The parameters, return address, and local variables collectively make up the call frame of an invocation of a function. From the perspective of the callee, the parameters, and return address are already pushed on the stack at the entry point. However, a callee is responsible to allocate stack space for its own local variables.
It is best to use symbolic names to reference the offset to items in a frame from where the stack pointer points to after the entire frame is allocated. For example, consider the following C code:
void someFunc(uint8_t x, uint8_t y, uint8_t z)
{
uint8_t a,b,c;
}
The corresponding frame looks like the following:
offset from where SP points to | what |
---|---|
6 | z |
5 | y |
4 | x |
3 | return address |
2 | c |
1 | b |
0 | a |
From the callee’s perspective, some label definitions can be used to first compute the offsets to local variables:
someFunc_a: 0 // offset from where D points to to find local var a
someFunc_b: someFunc_a 1 + // offset to local var b
someFunc_c: someFunc_b 1 + // offset to local var c
someFunc_localVarSize: someFunc_c 1 + // # bytes used for local vars
Parameters are also in a call frame, they can also have their offsets defined by labels. In this example, the following label definitions can apply:
someFunc_x: someFunc_localVarSize 1 + // add 1 to skip over the return address
someFunc_y: someFunc_x 1 +
someFunc_z: someFunc_y 1 +
The “shell” of this callee consists of the code to allocate and deallocate the local variables, as well as the code to return to the caller:
someFunc: // entry point of the callee
ldi a,someFunc_localVarSize
sub d,a // allocate stack space for local variables
// ... code for the body of someFunc
ldi b,someFunc_localVarSize
add d,b // deallocate stack space for local variables
// the SP should now point to the return address
ld b,(d)
inc d // pop the return address to reg b
jmp b // continue execution at the caller
In the body of someFunc
, accessing a local variable or parameter can be very mechanical.
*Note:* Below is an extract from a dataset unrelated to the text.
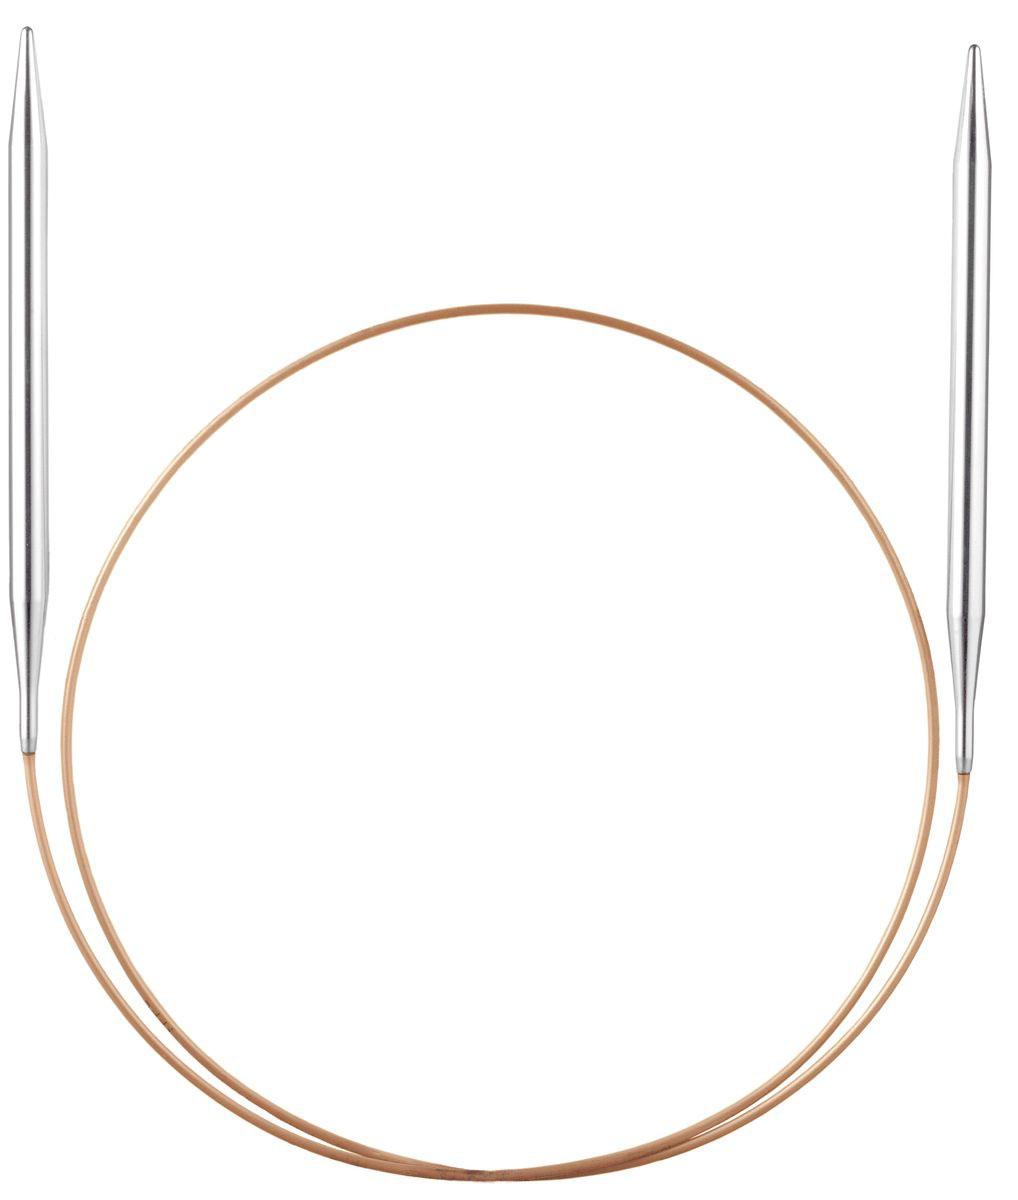 Спицы круговые Addi, супергладкие, диаметр 12 мм, длина 80 см105-7/12-80Спицы Addi, изготовленные из никеля, прекрасно подойдут для вязания изделий без швов. Короткими круговыми спицами вяжут бейки горловины, шапки и варежки, длинными спицами можно вязать по кругу целые модели, например, свитера и пуловеры. Полые и очень легкие спицы с удлиненным кончиком скреплены гибкой леской. Гладкое покрытие и тонкие переходы от спицы к леске позволяют пряже легче скользить. Малый вес изделия убережет ваши руки от усталости при вязании. Вы сможете вязать для себя, делать подарки друзьям. Работа, сделанная своими руками, долго будет радовать вас и ваших близких.

Generally, the following pattern works:
ldi a,someFunc_b // a=&b-SP load offset to a register
add a,d // a=&b the address of the item on the frame
Whether the address of a frame item should be dereferenced depends on the context.
It is important to keep track of the stack pointer using this approach! If the stack pointer is not pointing to the local variable of the lower address, then adjustments need to be made. This usually happens in a function call. Let’s reexamine someFunc
with a call to someOtherFunc
:
void someFunc(uint8_t x, uint8_t y, uint8_t z)
{
uint8_t a,b,c;
// ...
someOtherFunc(&a,z);
// ...
}
The code to call someOtherFunc
is then as follows
ldi a,someFunc_z // a=&z-SP
add a,d // a=&z
ld a,(a) // a=z
dec d
// at this point, the SP points to one byte below local var a!
st (d),a // push z
ldi a,someFunc_a 1 + // reg a=&(local var a)-SP, add 1 to compensate for the second argument already pushed
add a,d // reg a=&(local var a)
dec d
st (d),a // push &(local var a)
ldi a,. 6 +
dec d
st (d),a // push return address
inc d // deallocate the first argument
inc d // deallocate the second argument
Implement the following program in TTP assembly language:
#include <stdint,h>
void swap(uint8_t *pX, uint8_t *pY);
int main()
{
uint8_t x,y;
x=2;
y=5;
swap(&x,&y);
return 0;
}
void swap(uint8_t *pX, uint8_t *pY)
{
uint8_t t;
t=*pX;
*pX=*pY;
*pY=t;
}
In addition to the use of local variables, this program also involves passing the address of a variable (instead of the value of a variable) on the stack.
Implement the following program in TTP assembly language:
#include <stdint.h>
uint8_t power(uint8_t n);
int main()
{
uint8_t x;
x = power(3);
return 0;
}
uint8_t power(uint8_t n)
{
if (!n)
{
return 1;
}
else
{
return 2*power(n-1);
}
}
The function in this program is recursive!